Last night I finished “FTA and the City: Imagineering Sustainable Urban Development” by Rattcliff, Krawczyk and Kelly, recommended reading by my tutor Diane Nijs.
Obviously, the title itself is captivating as it touches on two themes that are important on the investigation for the thesis: Imagineering and Sustainable Urban Development.
I am very intrigued by the concepts they use of the biosphere and technosphere and how these separate entities interact and the promise that lays in this interaction. Also, I have found in their paper several reinforcement for arguments about the need for a ‘broader’ approach to the generation of urban solutions, not only considering the shortcomings of individual practices like urban planning, governance or business trying to be one-off saviors but also considering the ever-expanding complexity of cities growing in numbers (and with it, bringing about new complications).
The proposed use of a ‘futures oriented approach’ to guide cities into a transformation to solve urban problems is on par with discussions my tutor and I had about the use of images as guiding elements in transformations. The benefit coming from the shift from incremental solutions that seem more reactionary to a more proactive approach to getting to a desired state and shaping the path to fit that desired image (often with disruptive change).
My main querry (and where I believe that internet-based crowd collaboration models come in) is who is constructing such image or future (or scenario) and who will be in charge of translating that into actions?
Towards the end of the paper, the authors mentions the need to:
“demonstrate how the individual agents and actor within the city technosphere contribute to collective action within the city, and how that process leads to the structuring and institutionalization of the city milieu and the deployment of it’s resources.”
This I believe is a great need and deserves even more attention.
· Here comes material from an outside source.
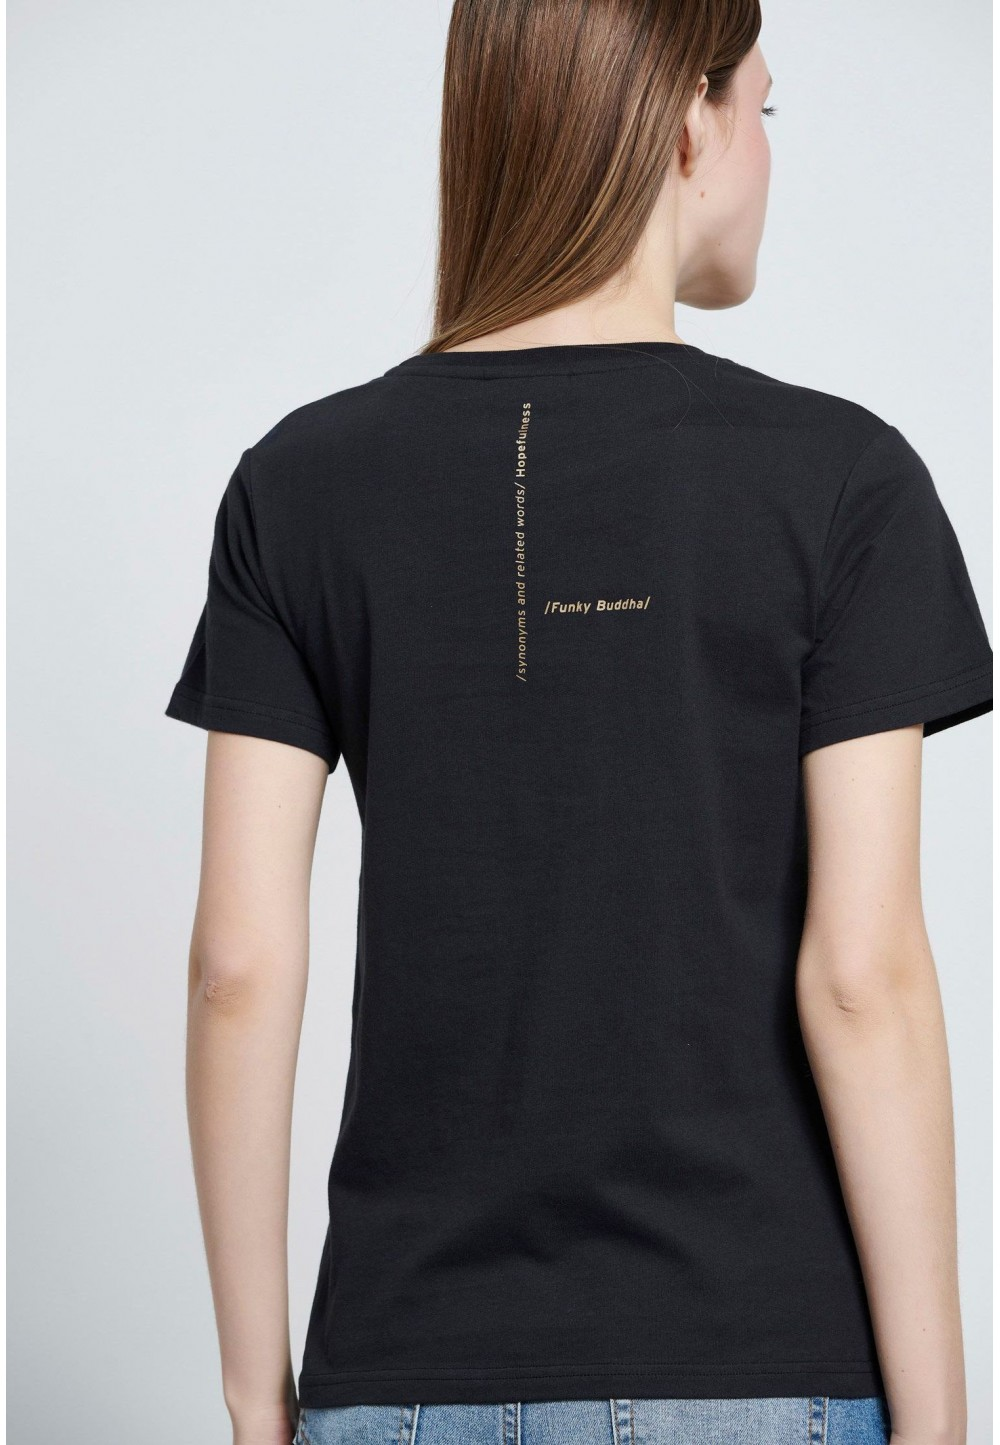 Чорна футболка з текстовим принтом
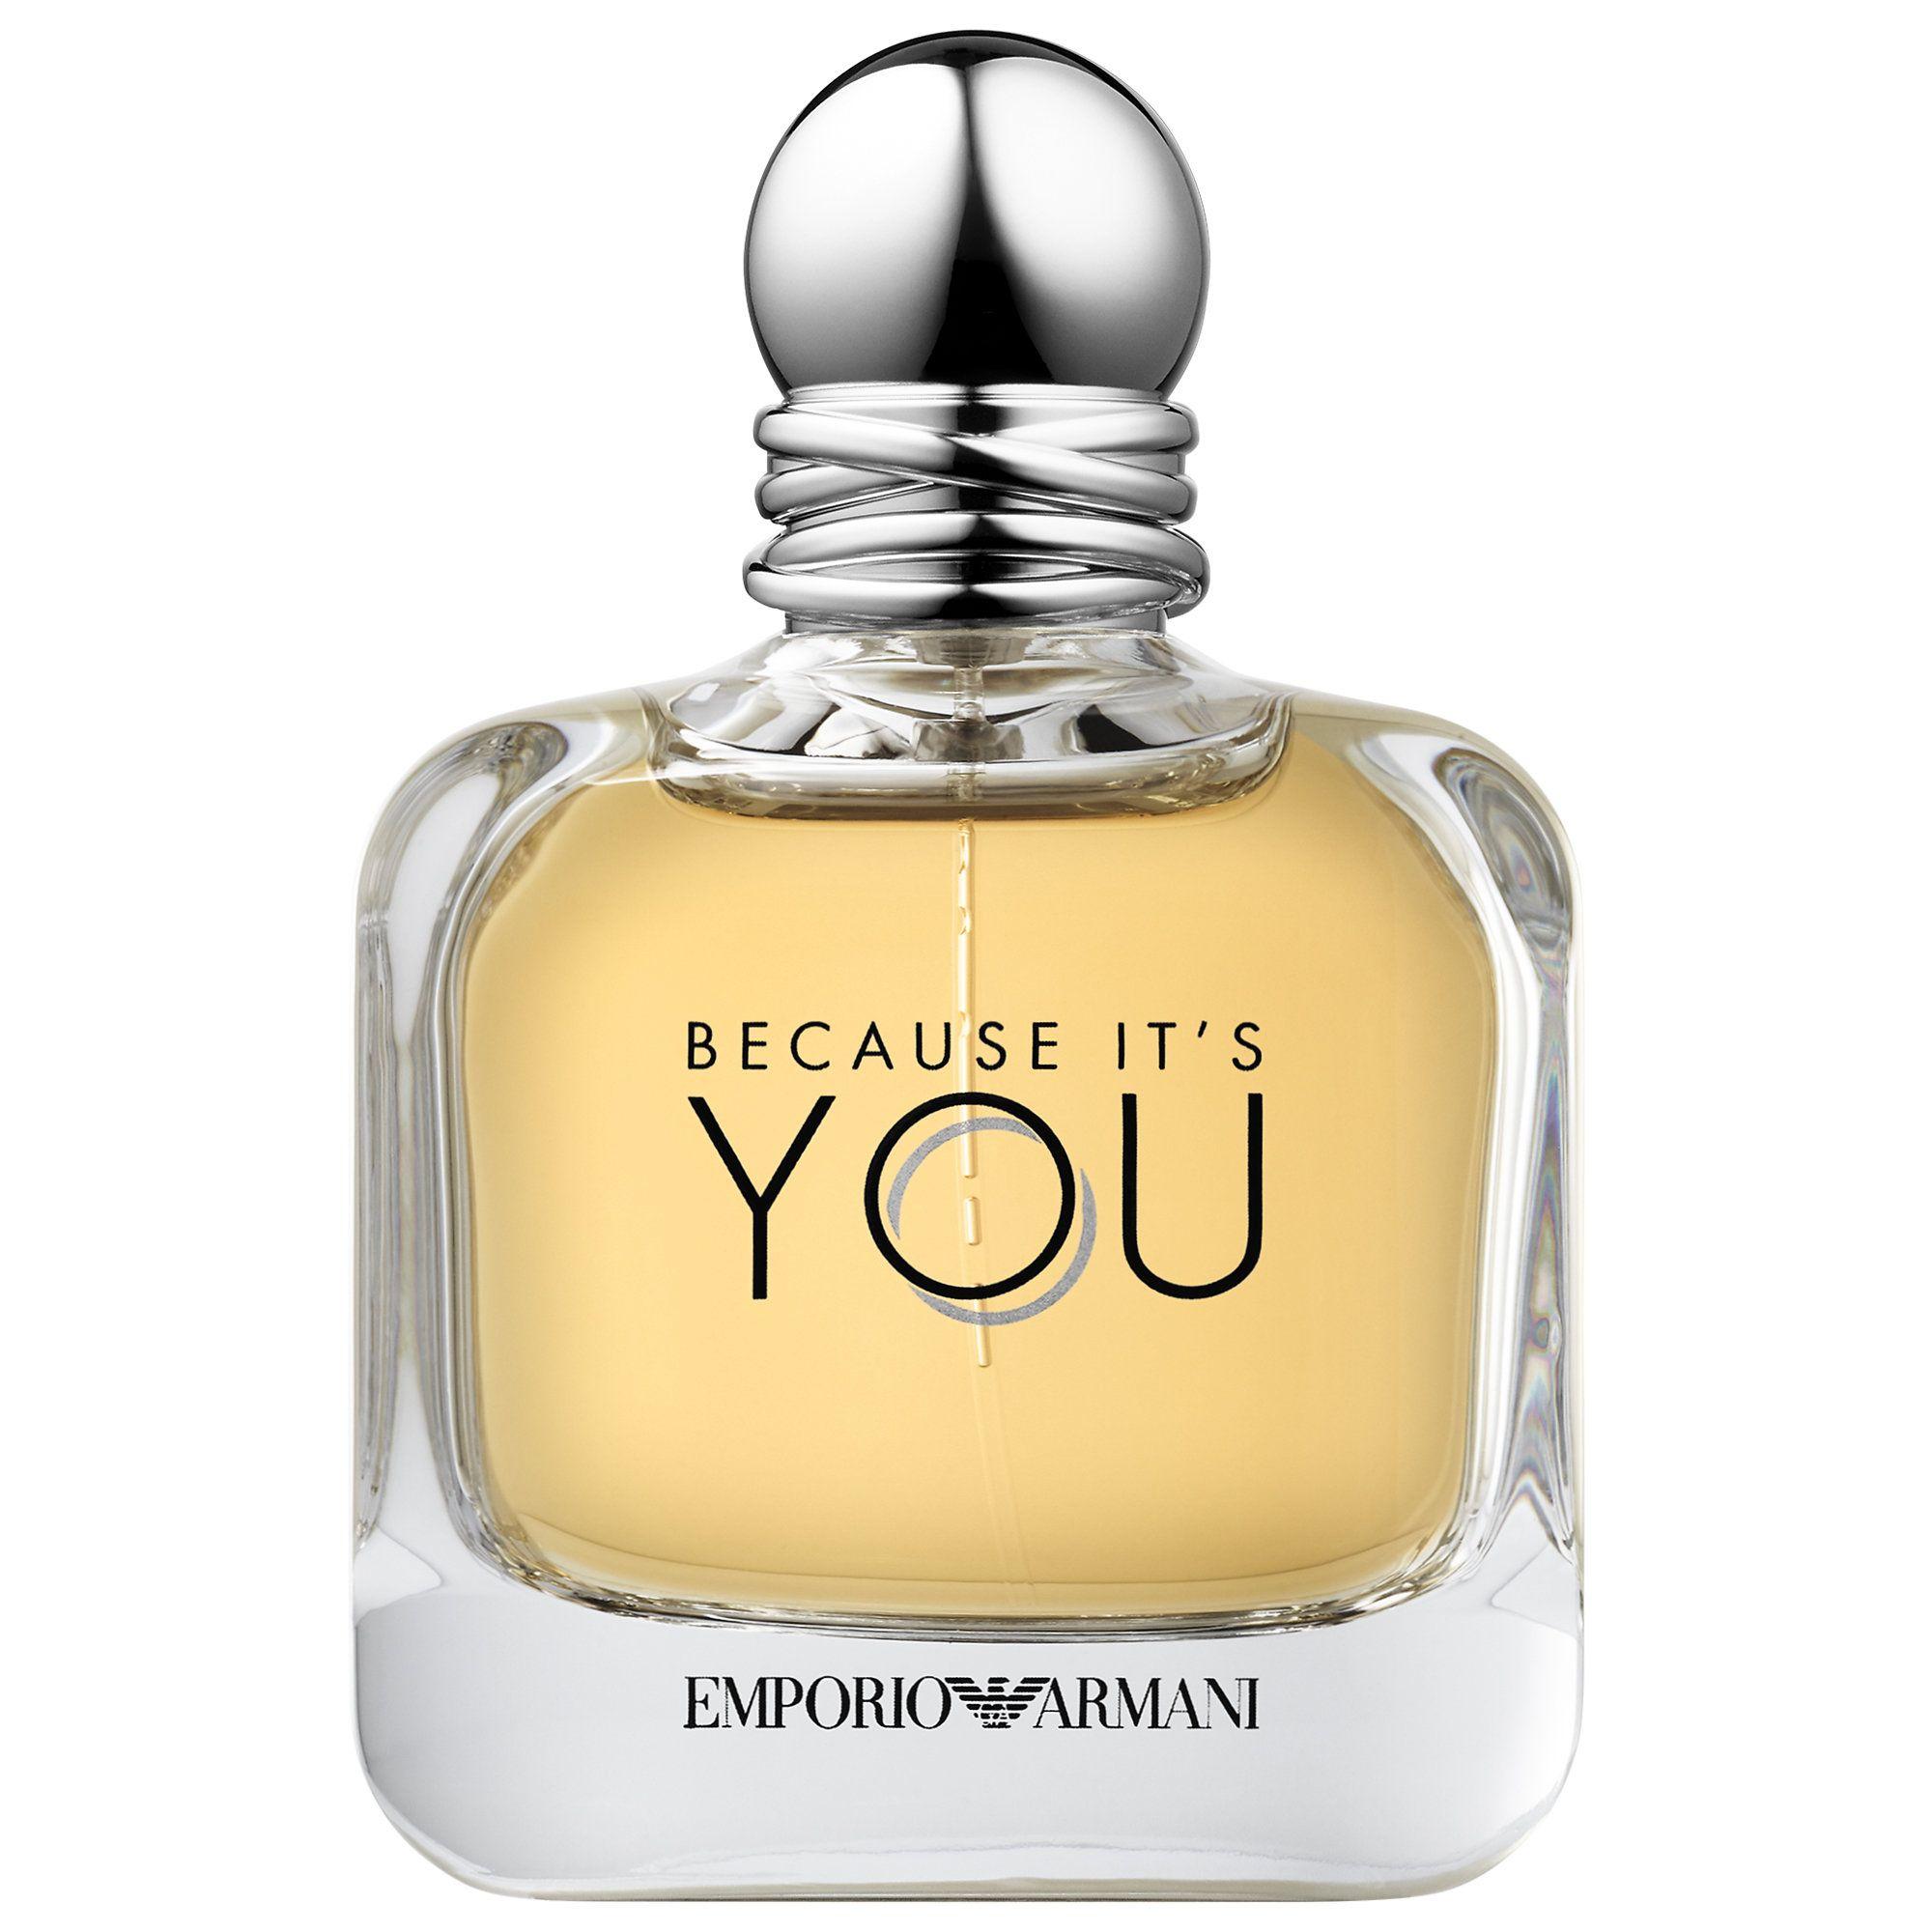 Emporio Because Giorgio Armani BeautySephora It's You 3ASj4RLc5q

In fact, this is why I have decided to study with the thesis. I believe in the marriage between the biosphere and the technosphere lays the solution to a farther reaching outlook of the city that can even help reclaim community ties based on geographical commonality, something constantly weakening to technosphere communities based more on affinity.
This is not to say that these (internet communities brought together by affinity transcending geographical boundaries) are wrong, yet I believe that reclaiming some affinity based on the geographical setting we live in can help improve this space (for delimitation purposes, let this space be as proposed, the city).
Bringing together the different people, with different inputs, talents, knowledge and domain that reside in the highly concentrated population of a city may help us create a greater aggregation of ideas, solutions and images that can help achieve urban sustainability. Through citizen participation, one insures that information will be propagated to a wider base.
This is increasingly important to cities in the context of differentiation from others in the competition as a desirable place for the attraction of new businesses, talented workers and greater flow of tourists.
To sum up, this paper has contributed to the process of my thinking about the thesis as it has reintroduced the concept of drawing up a desirable future image as a goal for the process, and put it squarely on the context of urban sustainability and I believe that all of this I have written about will be important in the development of the upcoming chapters of the thesis.